YOUR ASSIGNMENT →
Copy the listing below exactly, but skip the pictures.

PROVIDED DATA →
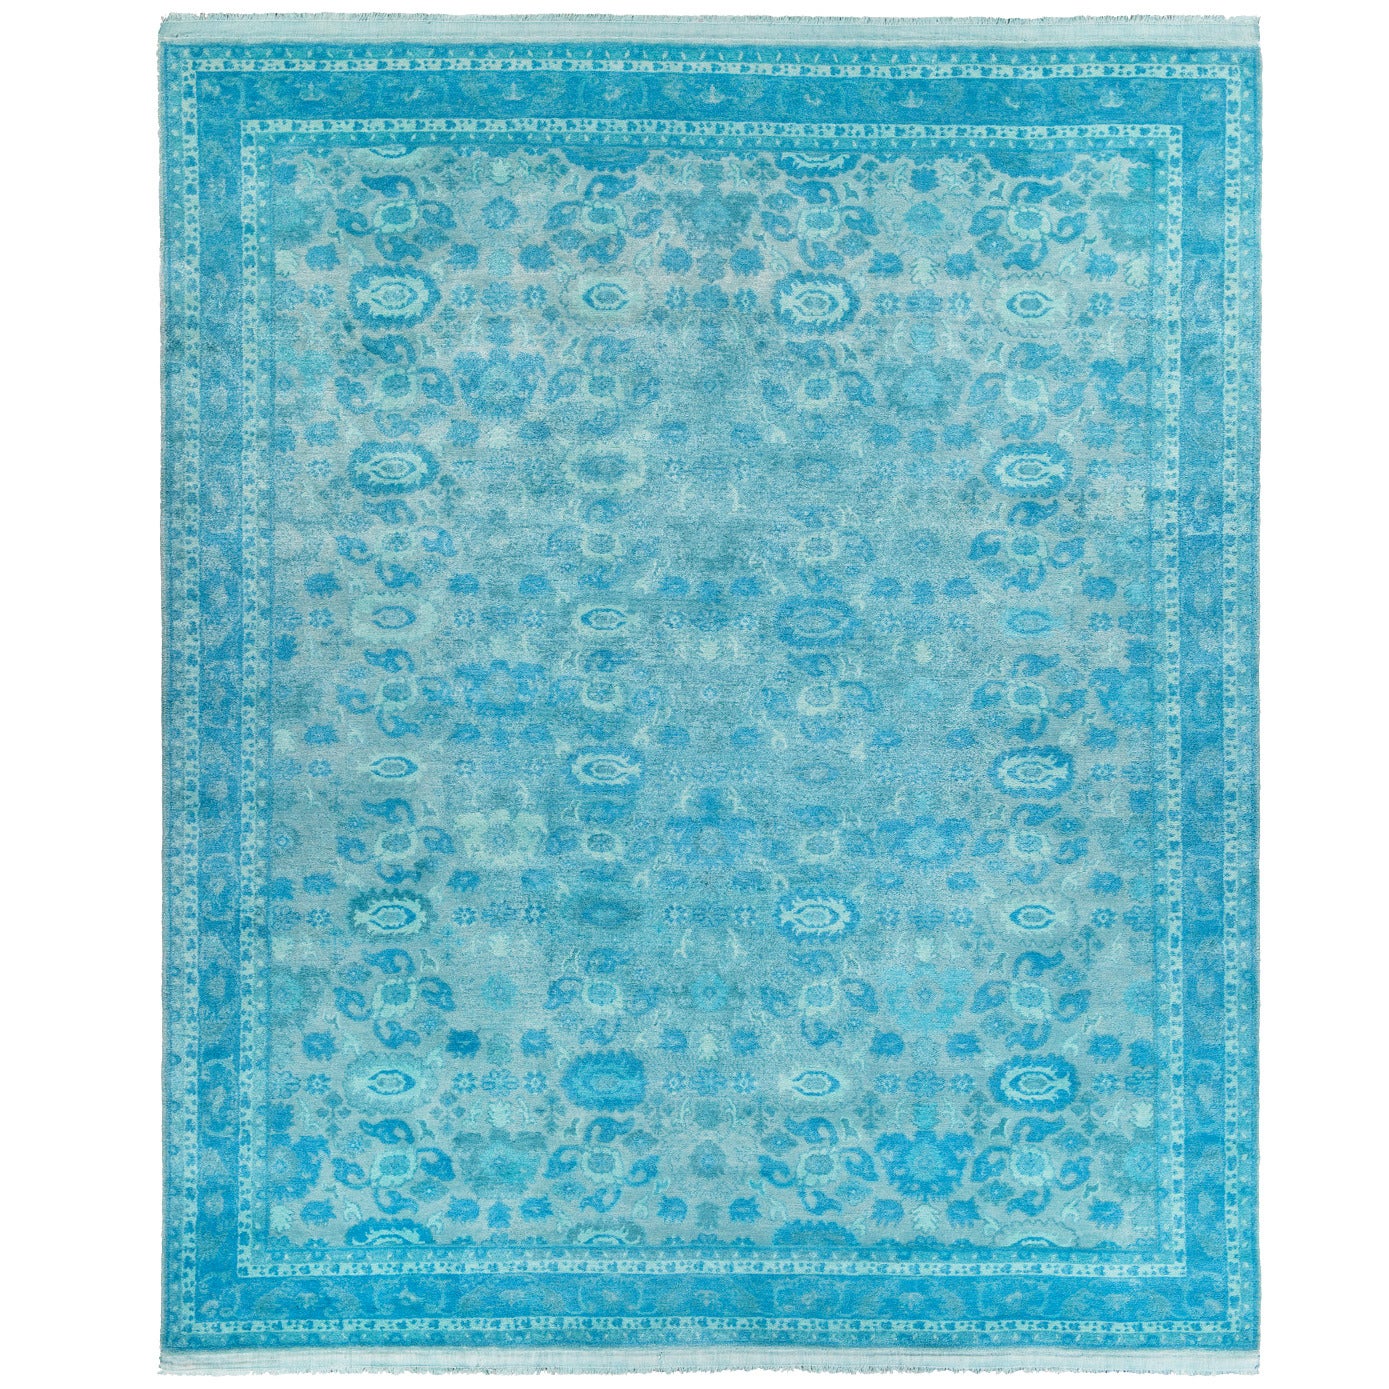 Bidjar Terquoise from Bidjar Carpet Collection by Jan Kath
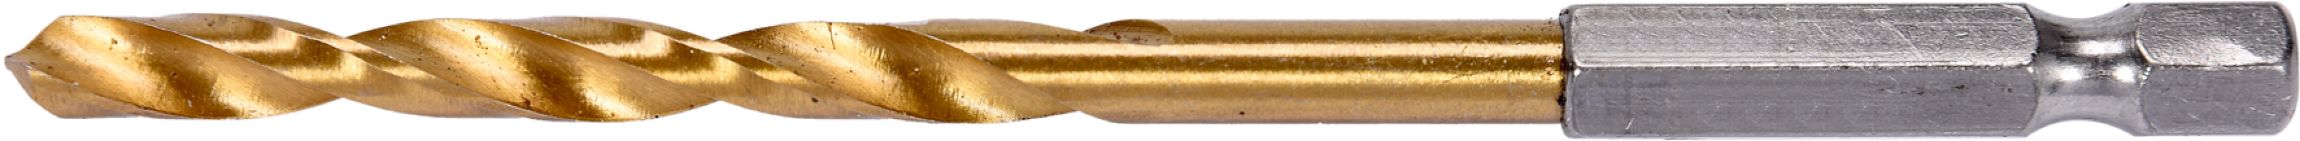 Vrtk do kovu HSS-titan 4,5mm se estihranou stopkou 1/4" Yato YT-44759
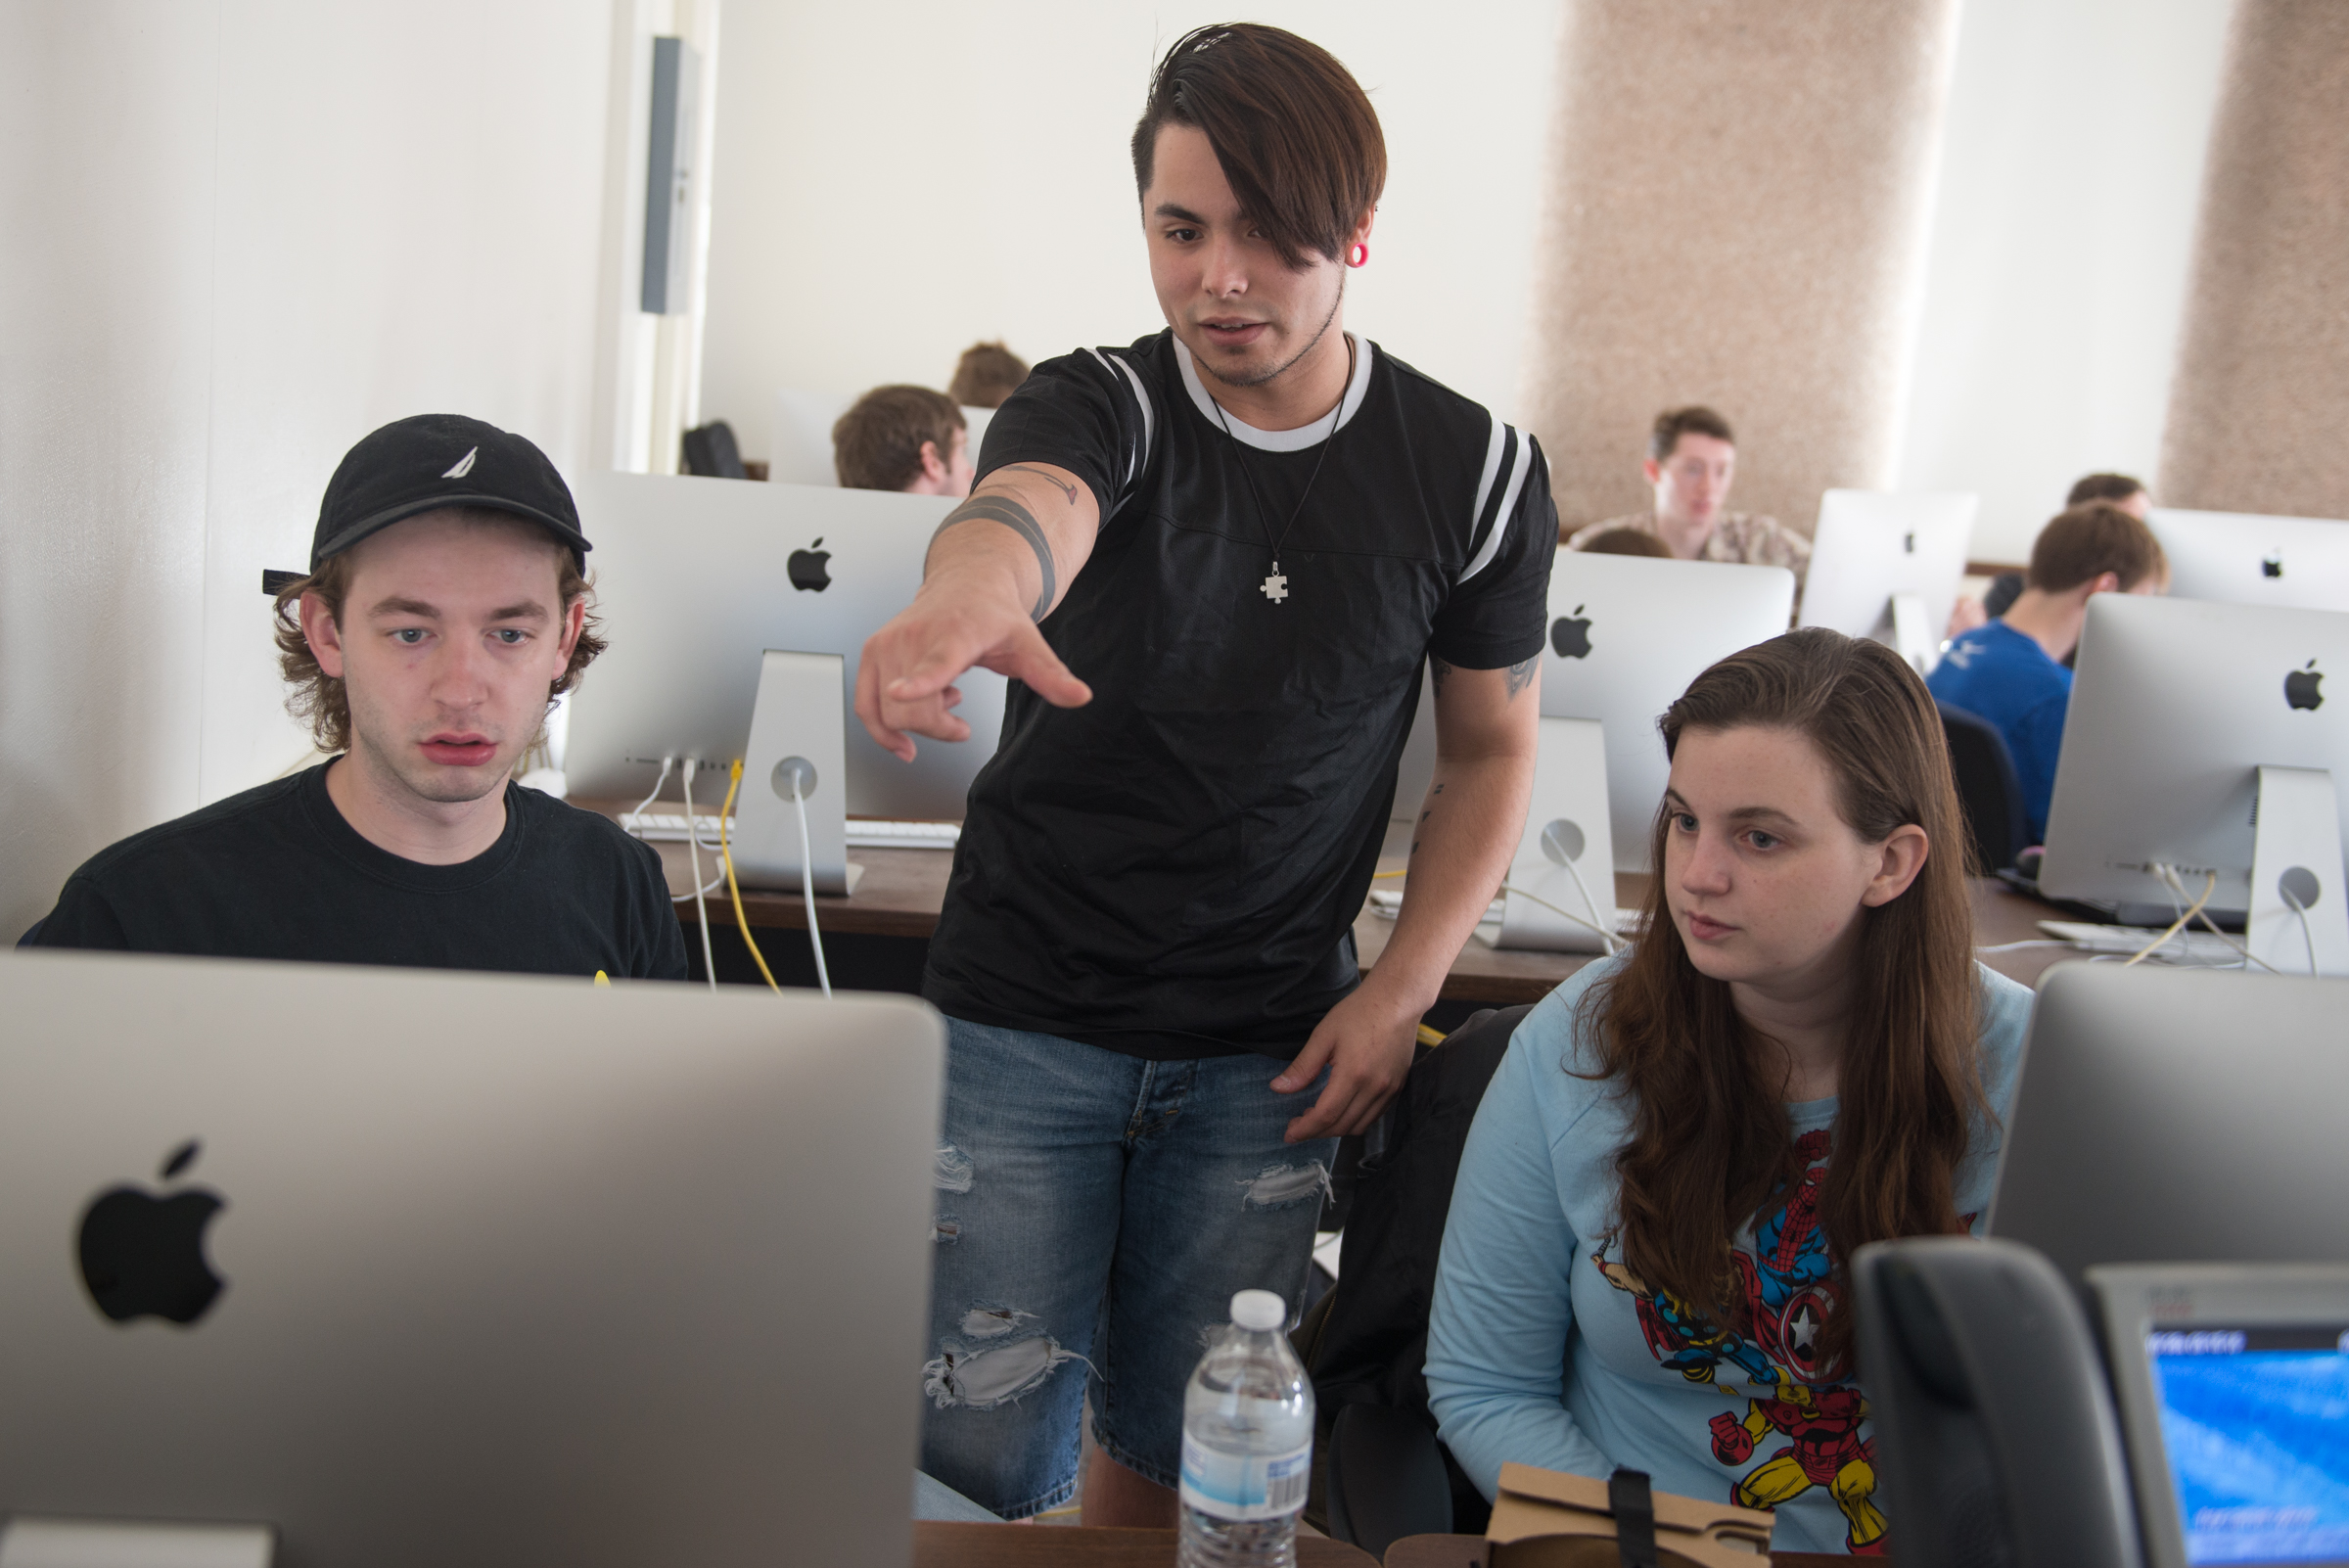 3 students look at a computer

PROBLEM SOLUTION →
 Bidjar Terquoise from Bidjar Carpet Collection by Jan Kath
 Vrtk do kovu HSS-titan 4,5mm se estihranou stopkou 1/4" Yato YT-44759
 3 students look at a computer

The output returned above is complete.